Experimental data were analyzed using GraphPad Prism (v.8). For all graphs, the error bars indicate the mean ± SEM. To compare data from different groups, unpaired two-tailed Student’s t test, two-way ANOVA with Sidak’s multiple comparisons test, two-way ANOVA with Dunnett’s multiple comparisons test, one-way ANOVA with Dunnett’s multiple comparisons test, Chi-square test, or Kaplan–Meier method followed by the log-rank test were used as indicated in the figure legends. Differences were considered significant if P < 0.05. Statistical significance is indicated by asterisks; *P < 0.05; **P < 0.01; ***P < 0.001; ****P < 0.0001.

Supporting information

S1 Fig. Knocking down vps-34 improved the motor activity in aged, but not young VH624 worms.

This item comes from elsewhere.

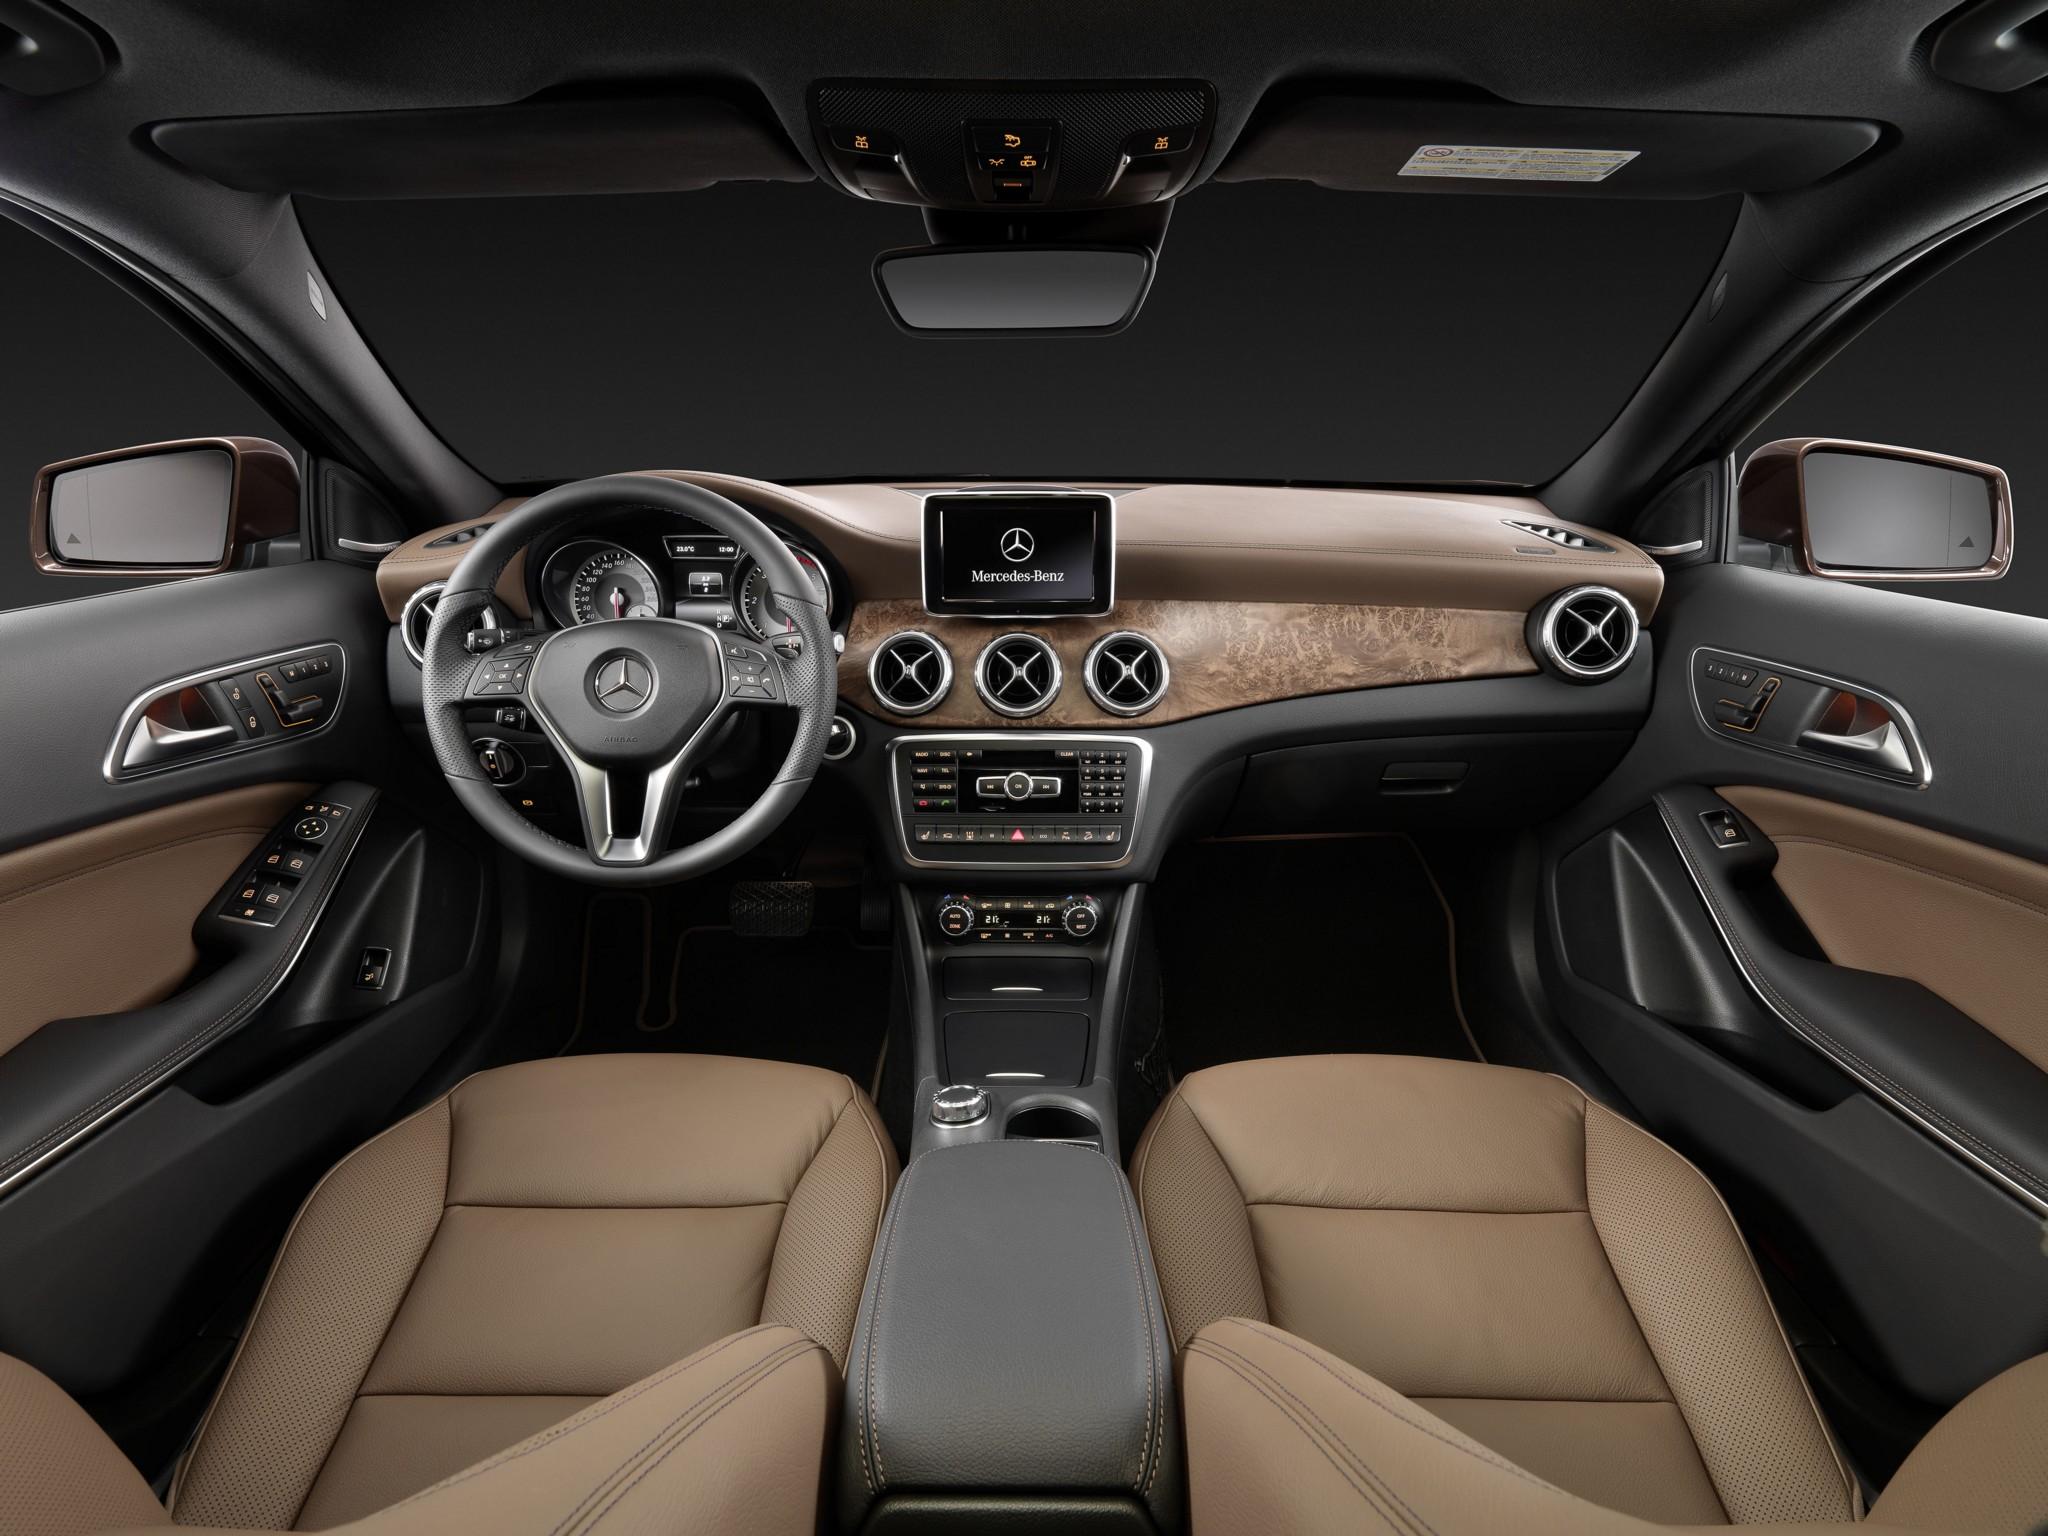 Mercedes Gla 220 Cdi Vs Volvo V40 Cross Country D4 The
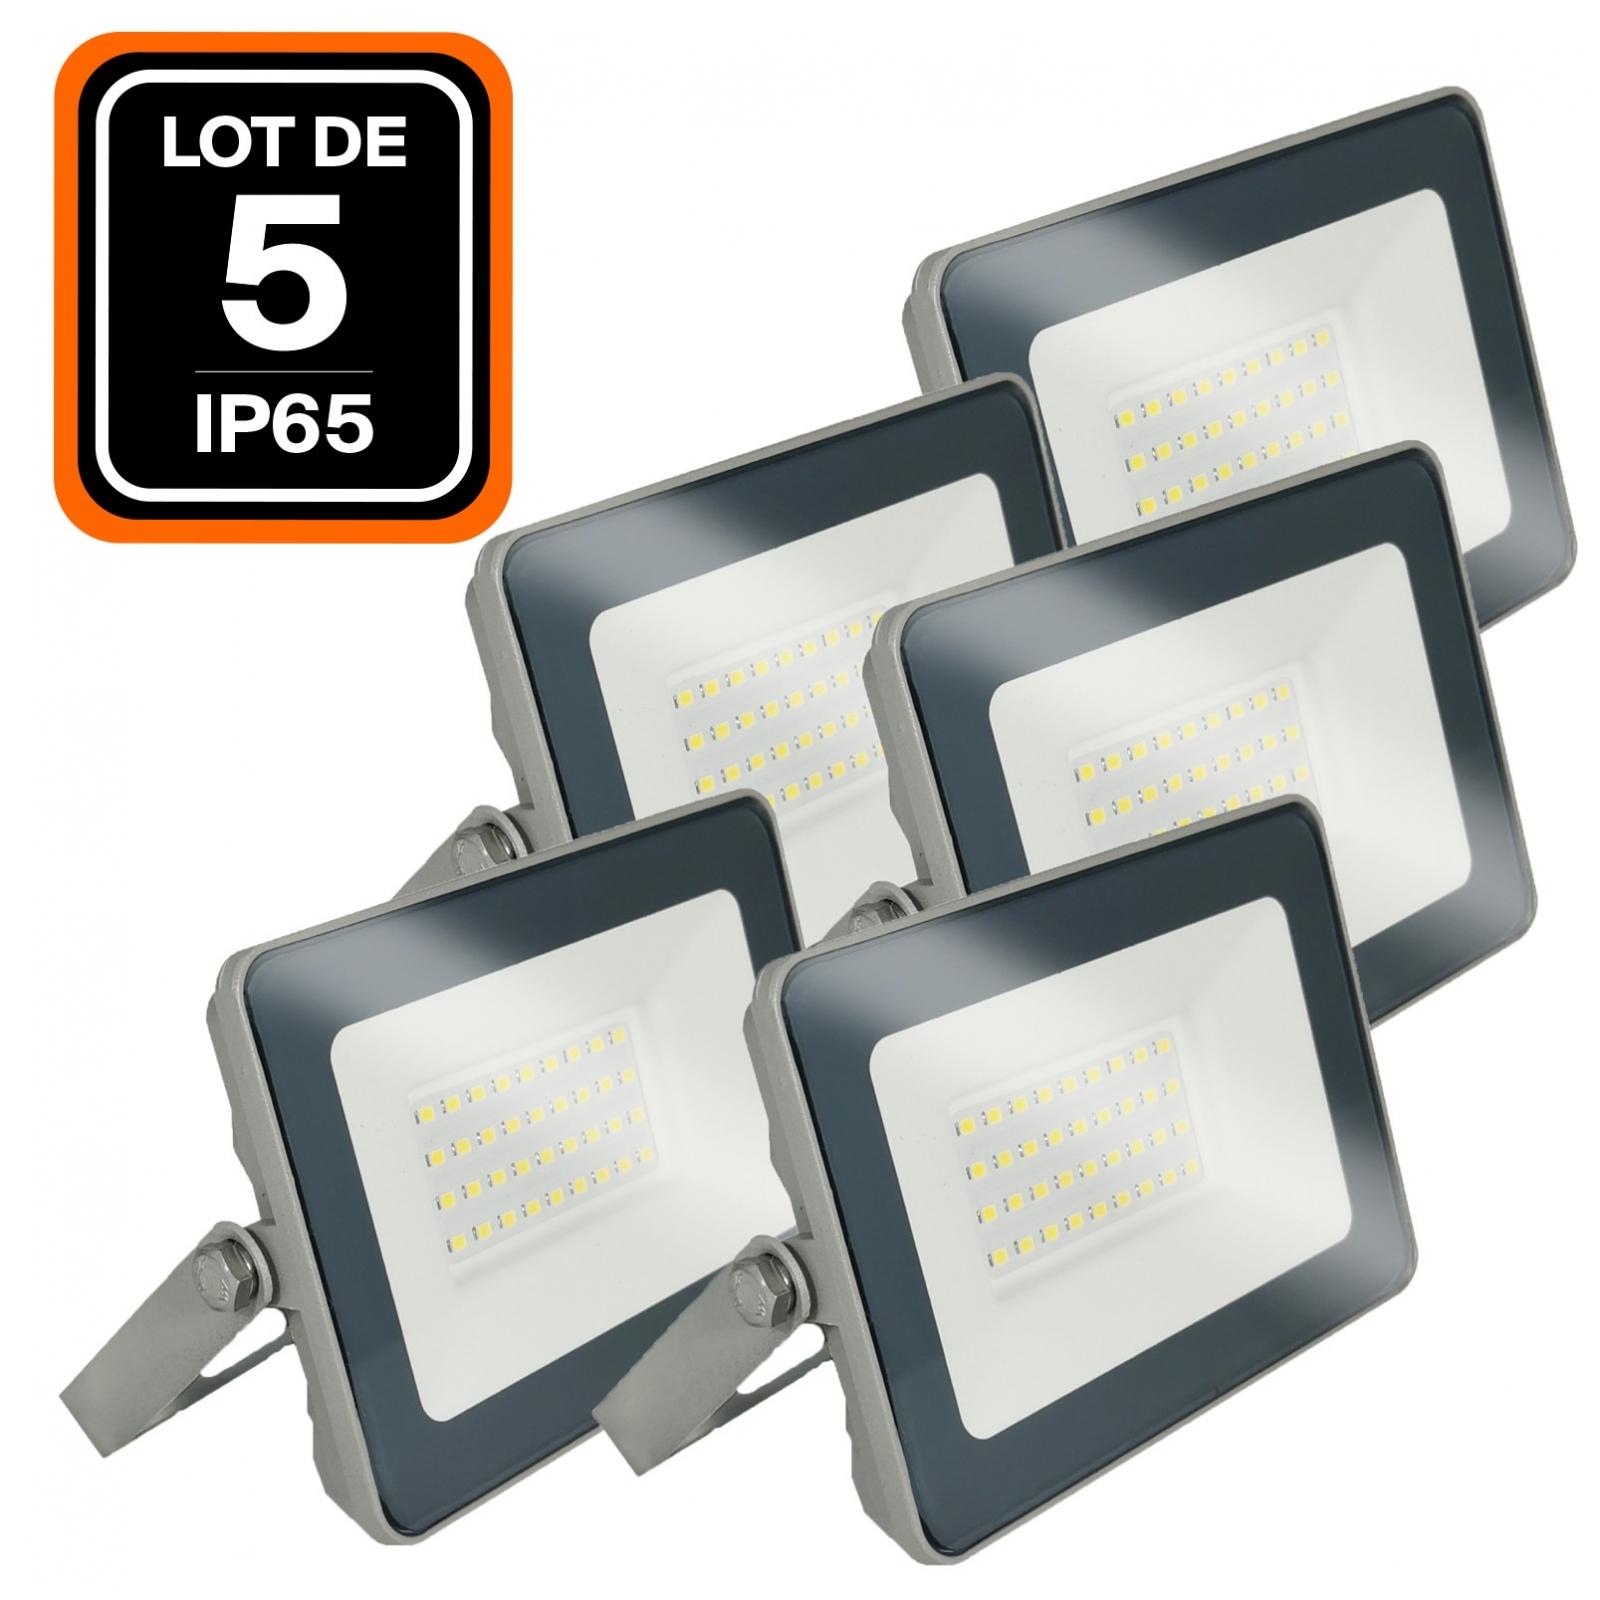 2 Projecteurs LED 20W Ipad Blanc chaud 2700K Haute Luminosité

(A) The percentage of VH624 worms that stayed inside or moved outside the circle at multiple time points during aging; 30–40 worms per group. n = 3 independent experiments. (B) Summarized D9 out-of-circle ratios for ctrl and 34 positive hits. eat-2 RNAi was used as the positive control. (C) Co-expression network of identified positive genes and their partners. The network was constructed by GeneMANIA. Black and gray dots show the positive hits and their partners. Orange dots show the positive hits with related function in aging study. (D) qPCR comparing the transcription of vps-34 in vps-34 and control RNAi worms. The normalization control genes were used as act-1, tba-1, ama-1, cdc-42. (E–H) Motor behavior assays (Body bends, E and G; Thrashing, F and H) comparing ctrl and vps-34 RNAi using VH624 worms at multiple time points during aging. RNAi started from D1 (E and F) or D5 and D7 (G and H). Fifteen worms per group. n = 3 independent experiments. (I and J) Relative motor functions (Body bends, I; Thrashing, J) comparing ctrl and vps-34 RNAi using N2 worms at multiple time points during aging. Control RNAi D11 was set as 100%. RNAi started from D9. Fifty worms per group from D11 to D15, while the group of D17 scored over 20 animals. Error bars, SEM. *P < 0.05, **P < 0.01, ***P < 0.001, ****P < 0.0001. n.s., not significant. B, D, Unpaired two-tailed Student’s t test. E, F, I, J, Two-way ANOVA with Sidak’s multiple comparisons test. G, H, Two-way ANOVA with Dunnett’s multiple comparisons test. Raw data can be found in the Supporting information (S1 Data).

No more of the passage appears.